色のない世界。【上】




涼音は弱った美桜を軽々と抱き上げると、未だ護衛人達に囲まれている悠汰達のところに近付いた。




涼音の気配に気付いた数人の護衛人は向きを変え、涼音に襲いかかった。




だが涼音はふっと笑い、美桜を抱き上げたまま脚だけで護衛人達を片付けた。




涼音に倒された護衛人達は他の護衛人にぶつかり、悠汰達の周りにいた護衛人達はドミノ倒しのように次々と倒れていった。

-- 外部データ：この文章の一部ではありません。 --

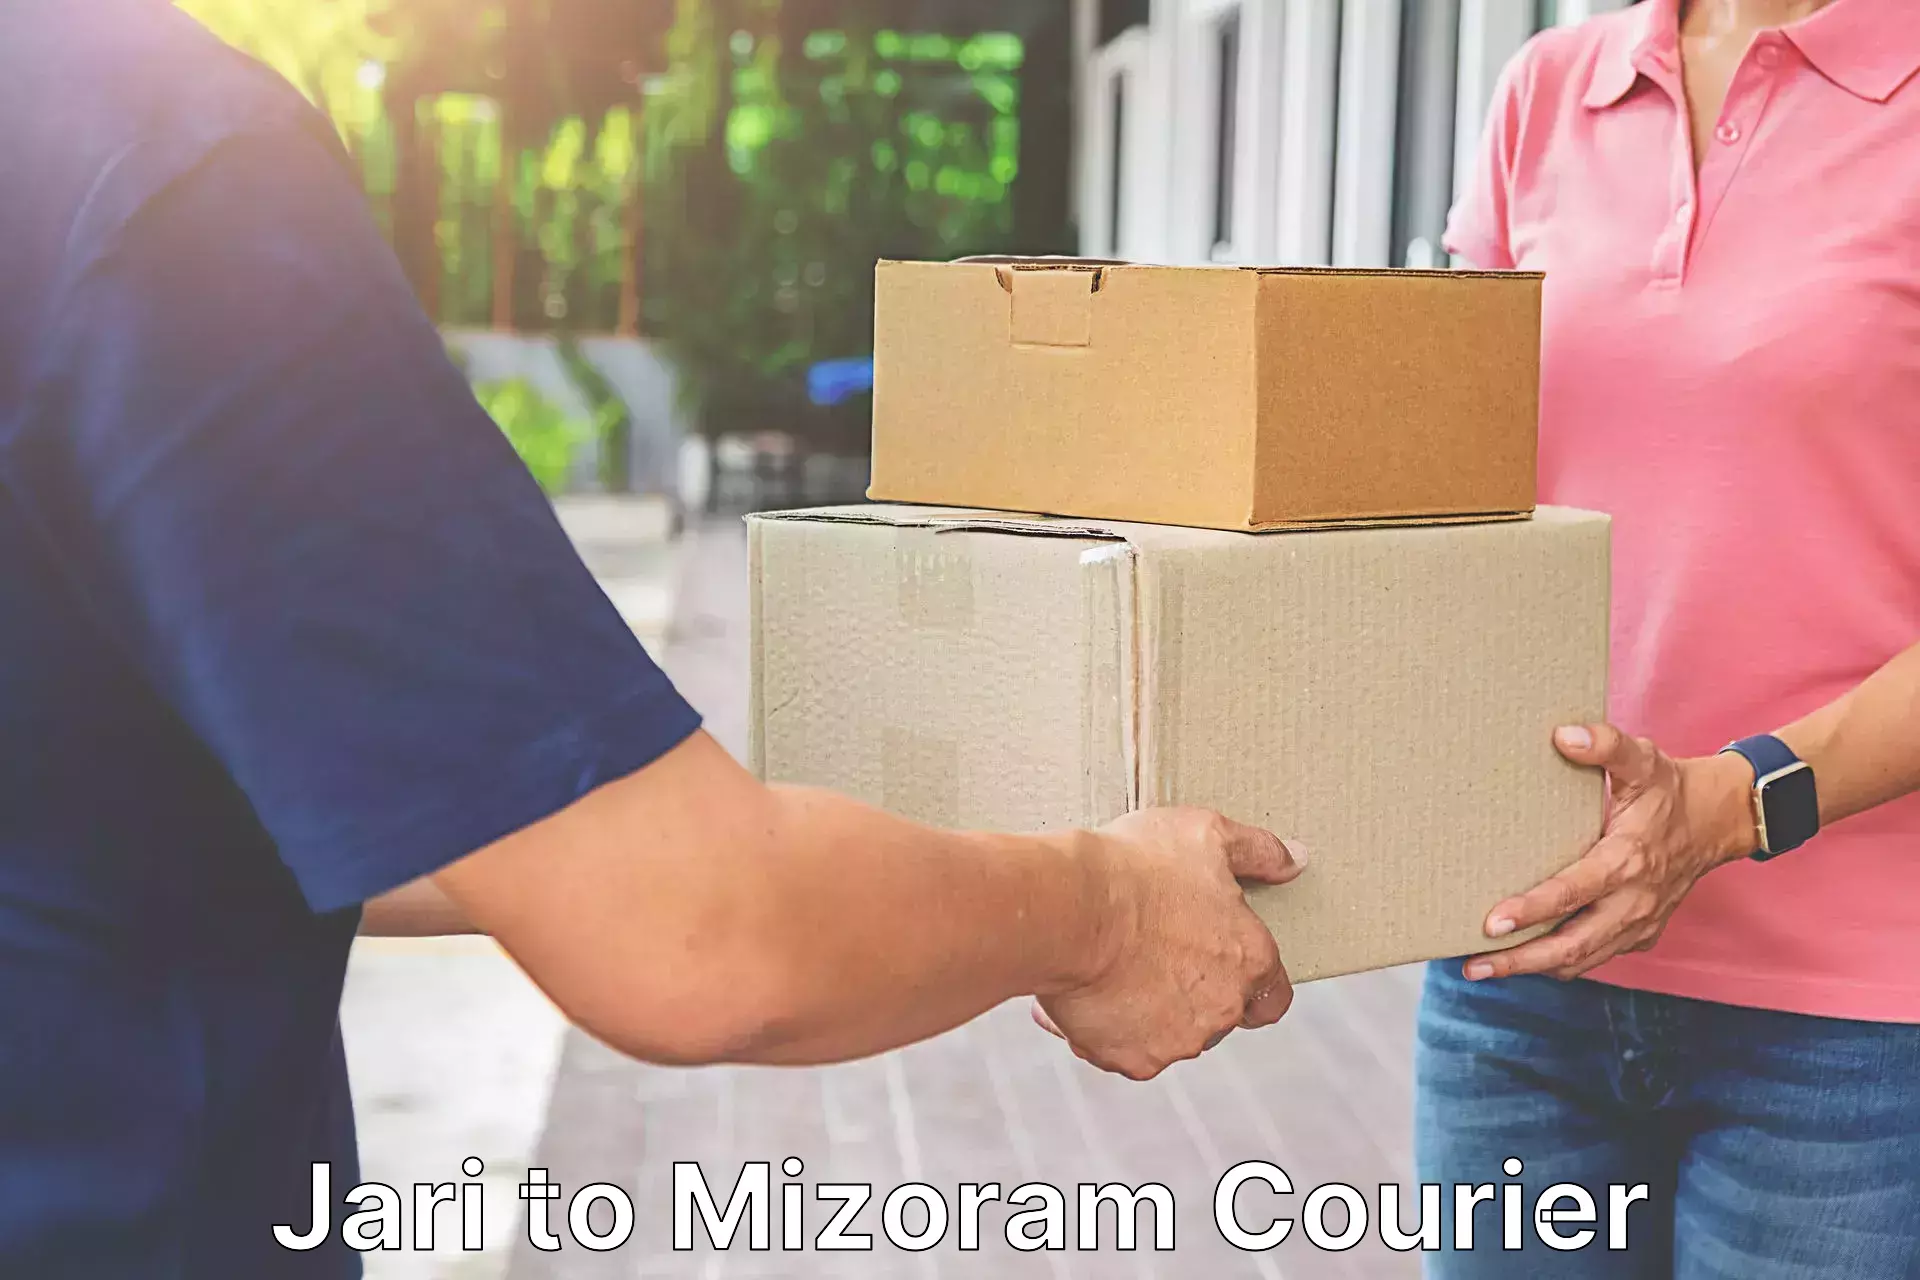 High-speed delivery Jari to Mizoram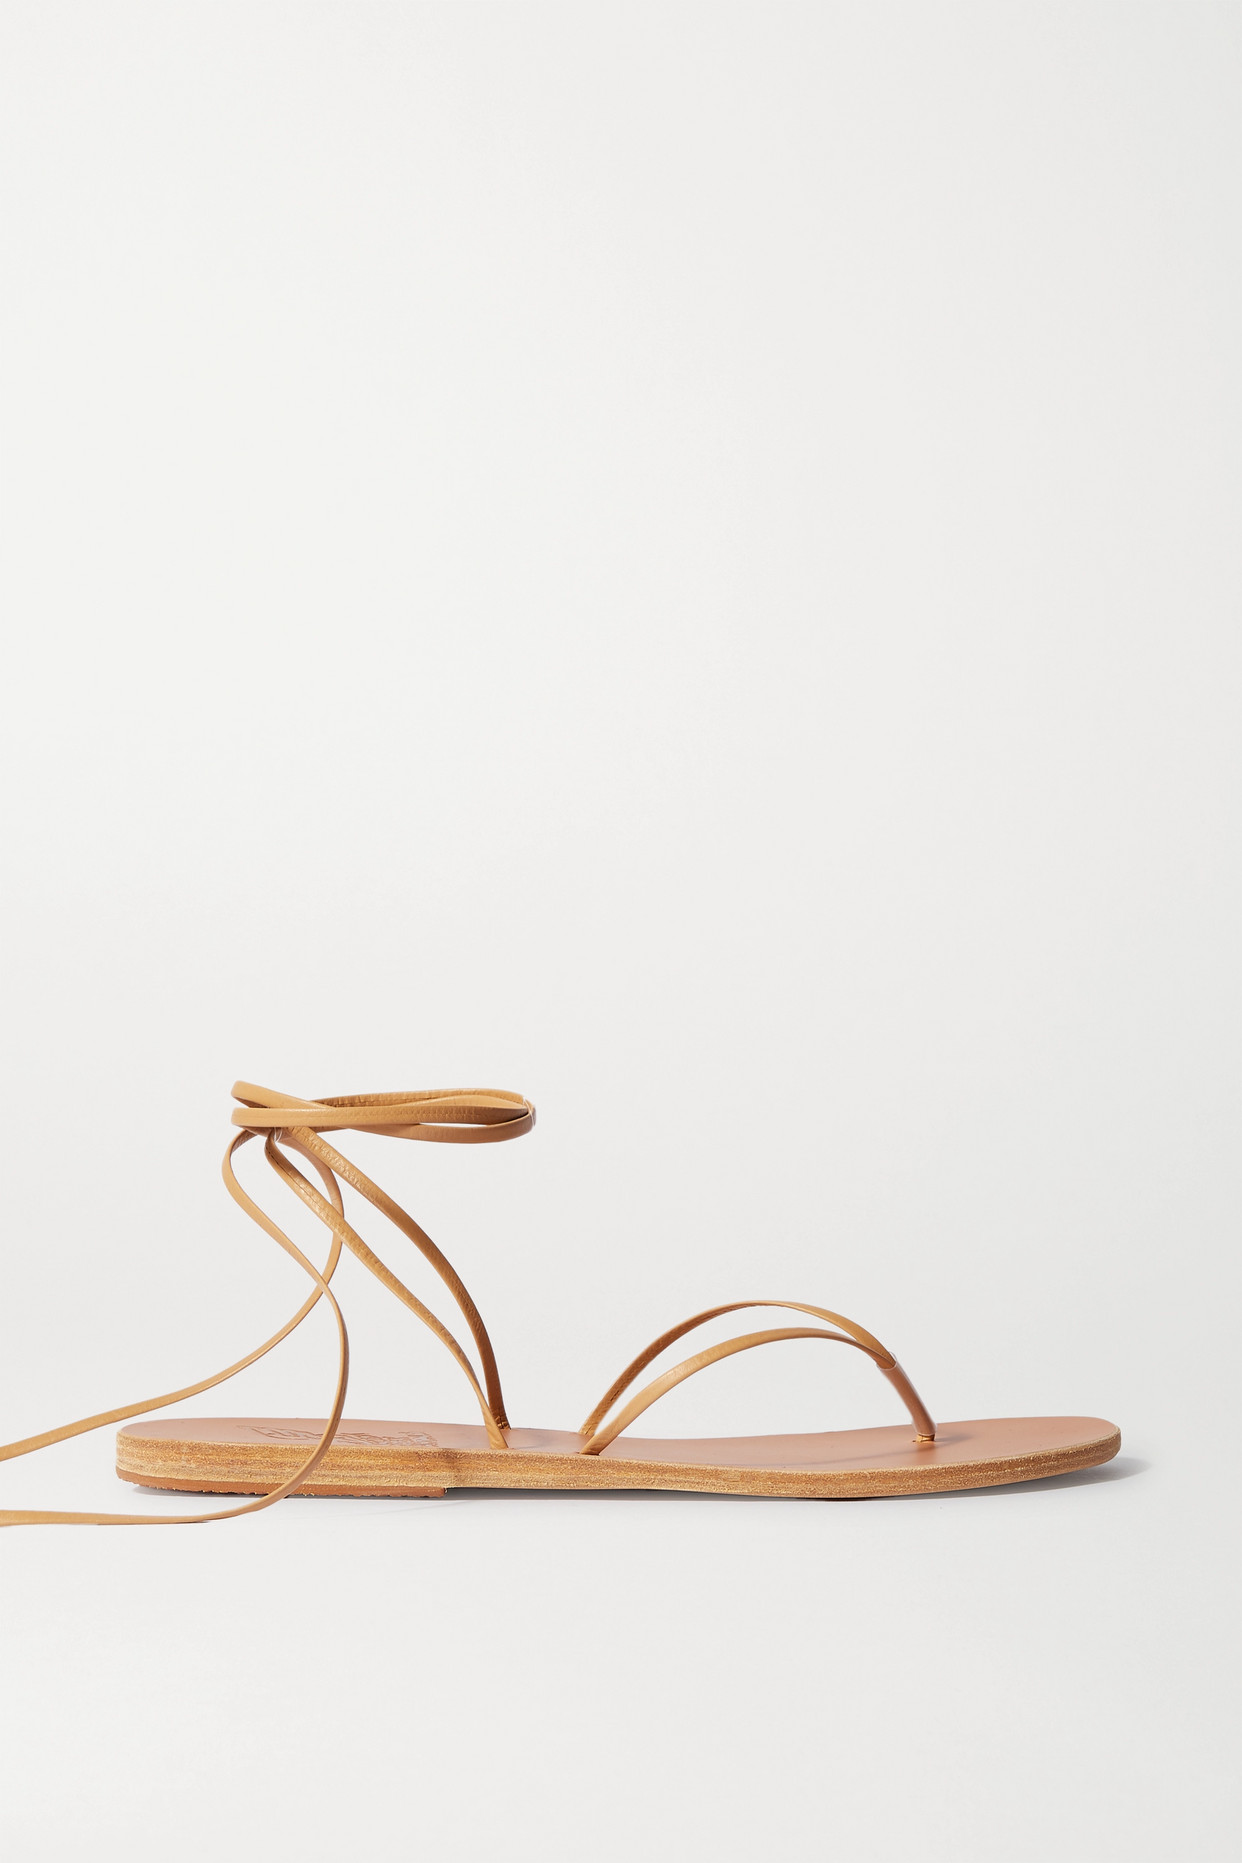 Celia Leather Sandals

涼音の圧倒的な強さに悠汰は驚いたが、涼音が抱き上げている美桜を見ると悠汰は慌てて涼音のところに駆け寄った。




「…美桜っ!」


「かなり弱ってはいるが、意識はある。帰って少し休めば大丈夫だ」




悠汰は心配そうに美桜の乱れた前髪を優しい手つきで梳く。
すると苦しそうに目を閉じていた美桜の表情が、僅かに和らいだのに涼音は気付いた。




(…ふ、坊主の温もりは特別なんだな)




涼音は美桜を見て優しく微笑むと、次には真剣な目をして悠汰に美桜を渡した。




「…坊主、美桜様を頼む」


「え、あ、おい!?」




半ば強引に美桜を渡され、悠汰は何も言えずに美桜を抱き上げた。
それを確認すると涼音は悠汰達に背を向け、まだ大勢いる護衛人と対峙した。




自分の前に立った涼音を見て、悠汰は涼音が何をしようとしているのかすぐに分かった。




(こいつ、一人で全員片付けるつもりか!?)




見る限り涼音は全身傷だらけで、それは見ている方が思わず顔を歪めてしまうほど。
だが涼音はその体で敵を全員片付けようとしているのだ。




「お前、無理だろ!そんな体でこいつら全員倒すなんて…!」




悠汰は涼音の背中に叫ぶが、涼音は横目で悠汰を見るだけでそこを退こうとはしなかった。




それとは逆に、涼音はニヤリと余裕そうな笑みを浮かべた。